Getting the most out of your tokenizer for pre-training and domain adaptation (2402.01035v2)

Published 1 Feb 2024 in cs.CL

Abstract: Tokenization is an understudied and often neglected component of modern LLMs. Most published works use a single tokenizer for all experiments, often borrowed from another model, without performing ablations or analysis to optimize tokenization. Moreover, the tokenizer is generally kept unchanged when fine-tuning a base model. In this paper, we show that the size, pre-tokenization regular expression, and training data of a tokenizer can significantly impact the model's generation speed, effective context size, memory usage, and downstream performance. We train specialized Byte-Pair Encoding code tokenizers, and conduct extensive ablations on the impact of tokenizer design on the performance of LLMs for code generation tasks such as HumanEval and MBPP, and provide recommendations for tokenizer hyper-parameters selection and switching the tokenizer in a pre-trained LLM. We perform our experiments on models trained from scratch and from pre-trained models, verifying their applicability to a wide range of use-cases. We find that when fine-tuning on more than 50 billion tokens, we can specialize the tokenizer of a pre-trained LLM to obtain large gains in generation speed and effective context size.

PDF Abstract

Introduction

Tokenization, transforming text into tokens, is a critical yet often overlooked aspect of LLM development. The decision on how to tokenize a text holds considerable weight on the model's subsequent learning and generation capabilities, affecting aspects such as generation speed, effective context size, and memory usage. Despite its significance, the process is frequently not optimized or is left unchanged when fine-tuning a pre-trained model, which may not be ideal for specific domains or tasks.

Tokenization and its Impact

In this comprehensive analysis, the authors examine the impact of tokenizer characteristics—size, pre-tokenization regular expressions, and training data—on model performance, particularly for code generation tasks. The performance of specialized tokenizers for code, mainly Byte-Pair Encoding (BPE) variants, is thoroughly investigated through ablations studies.

Findings and Recommendations

The paper reveals significant insights:

Adjustments in pre-tokenization can substantially affect generation speed and compression metrics.
Vocabulary size, surprisingly, shows limited effect on coding performance, challenging the common belief that larger vocabularies might hinder a model's ability to generalize.
Fine-tuning existing models indicates that tokenizer can be modified with minimal impact on performance, provided the training involves sufficiently large datasets (over 50 billion tokens).

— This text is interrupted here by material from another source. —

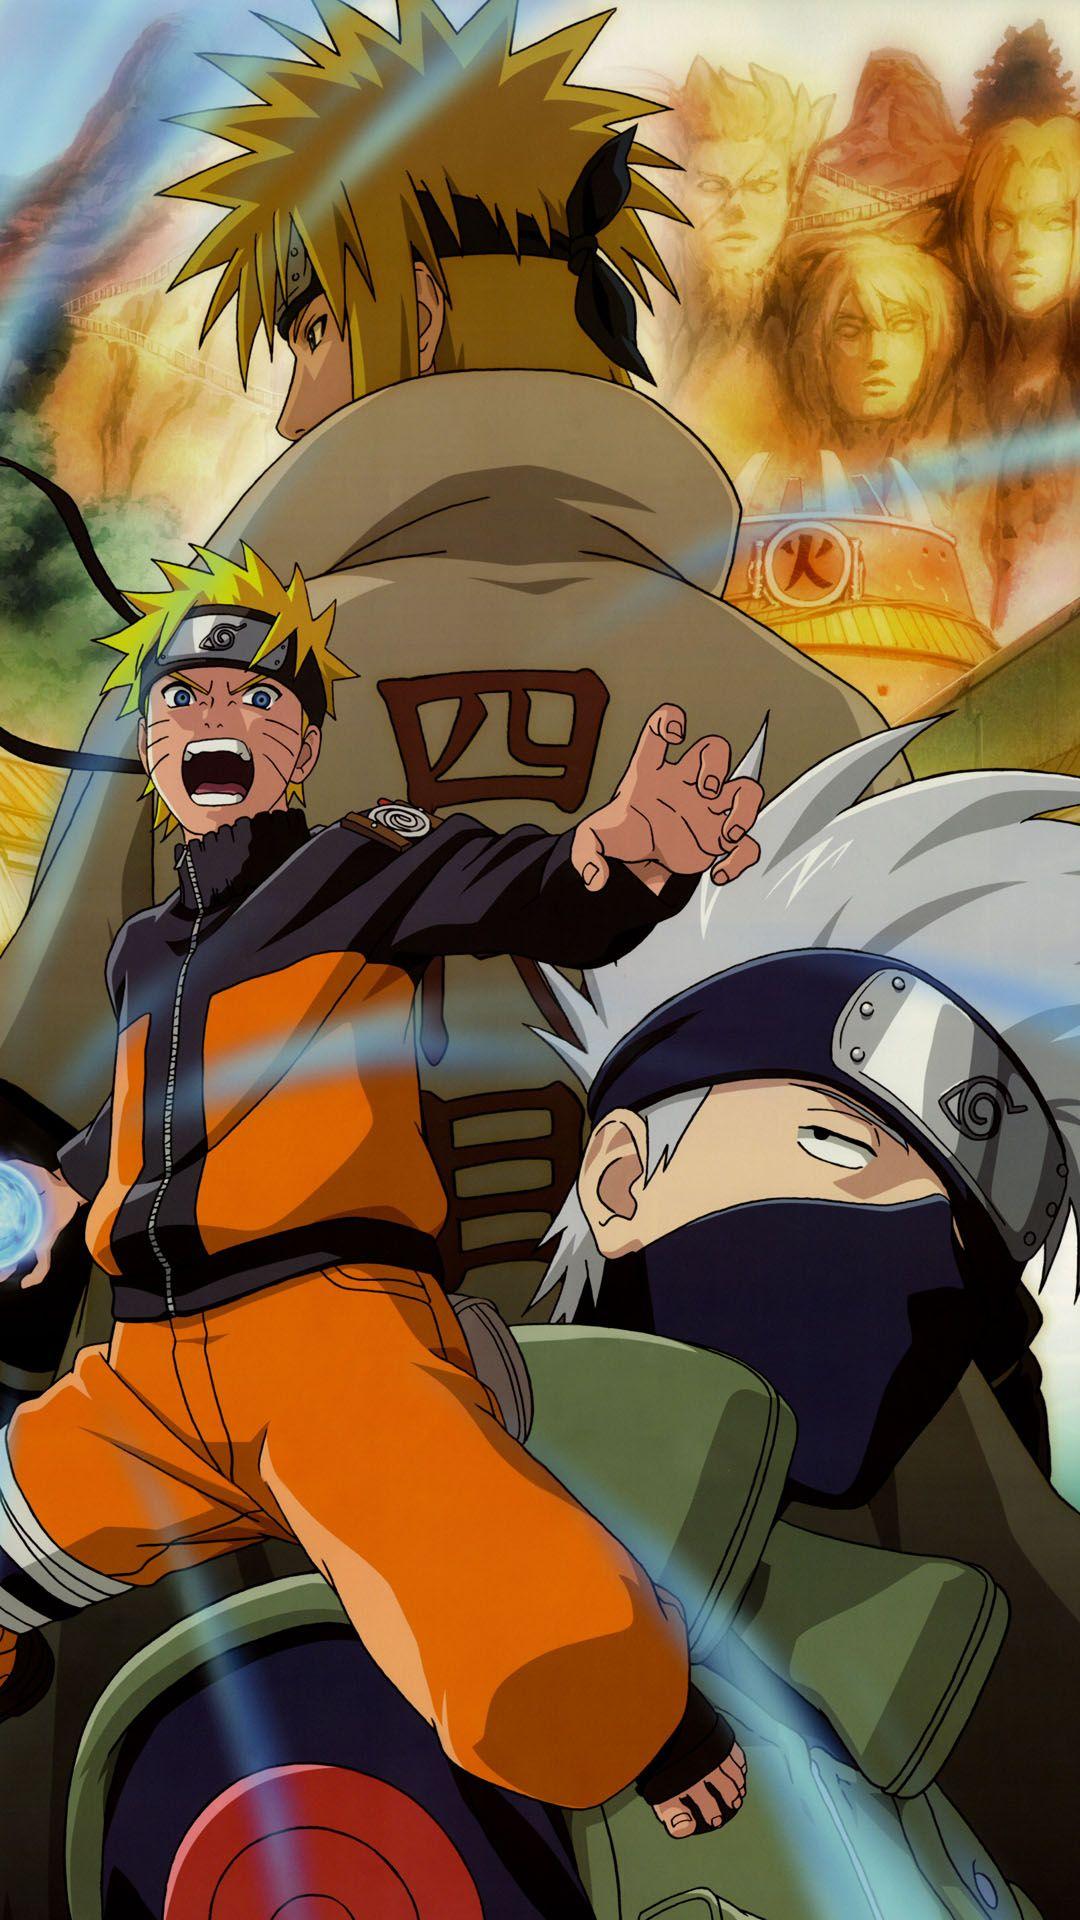 Hd Wallpaper And Background Photos Of Kakashi Hatake, Naruto And
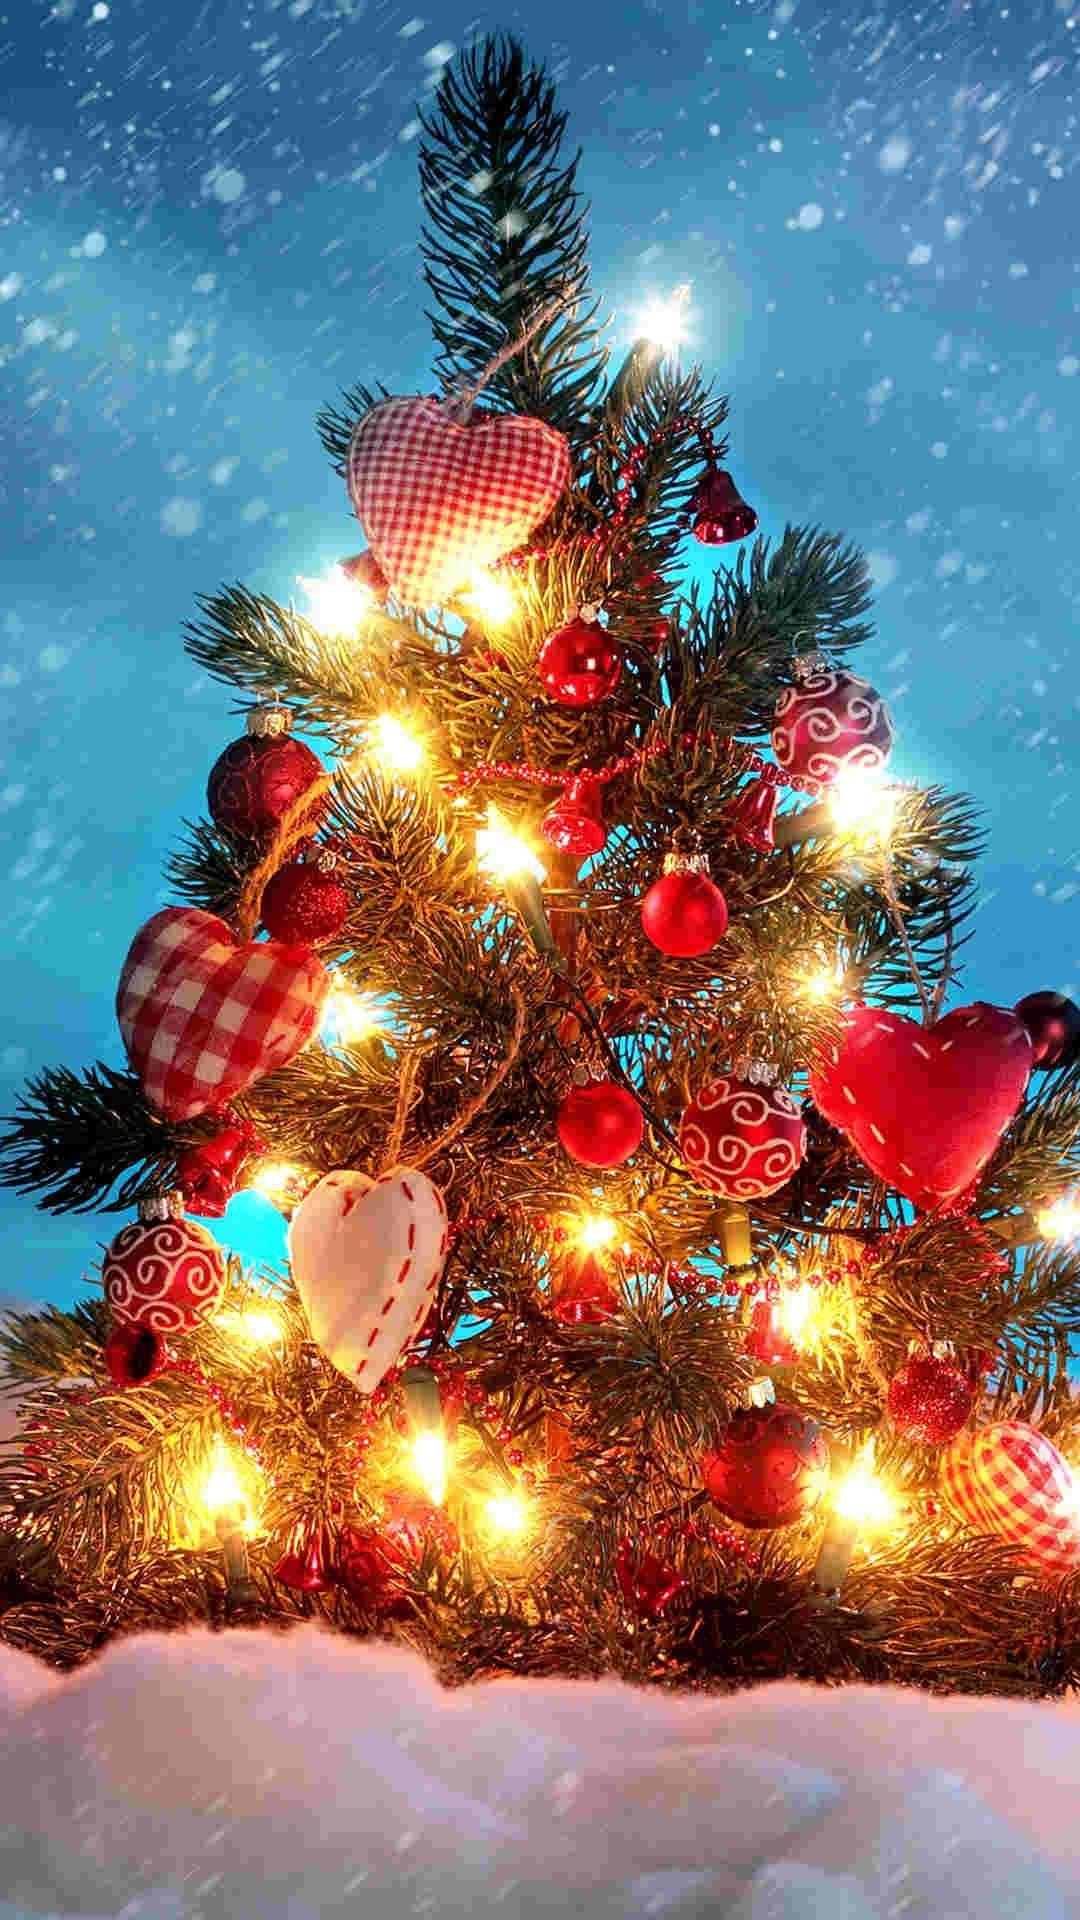 Pin On 2014 Christmas Tree Iphine 6 Plus Wallpaper

Tokenization Optimization Strategies

The paper proposes methods for increasing tokenizer compression while maintaining or enhancing downstream performance. Specifically:

Using in-domain data to train tokenizers can improve domain compression.
Regular expression-based pre-tokenization schemes can positively influence compression and performance. For instance, GPT-4's tokenizer, a variant with a well-balanced approach, stands out for striking a commendable balance between compression efficiency and downstream performance, closely followed by the Punct tokenizer variant.

Conclusion

The implications for practitioners are clear: re-evaluating the tokenizer when fine-tuning pre-trained LLMs can lead to significant performance gains without undue cost. The findings and methodologies laid out in this paper are critical stepping stones towards efficiently leveraging LLMs for domain-specific applications.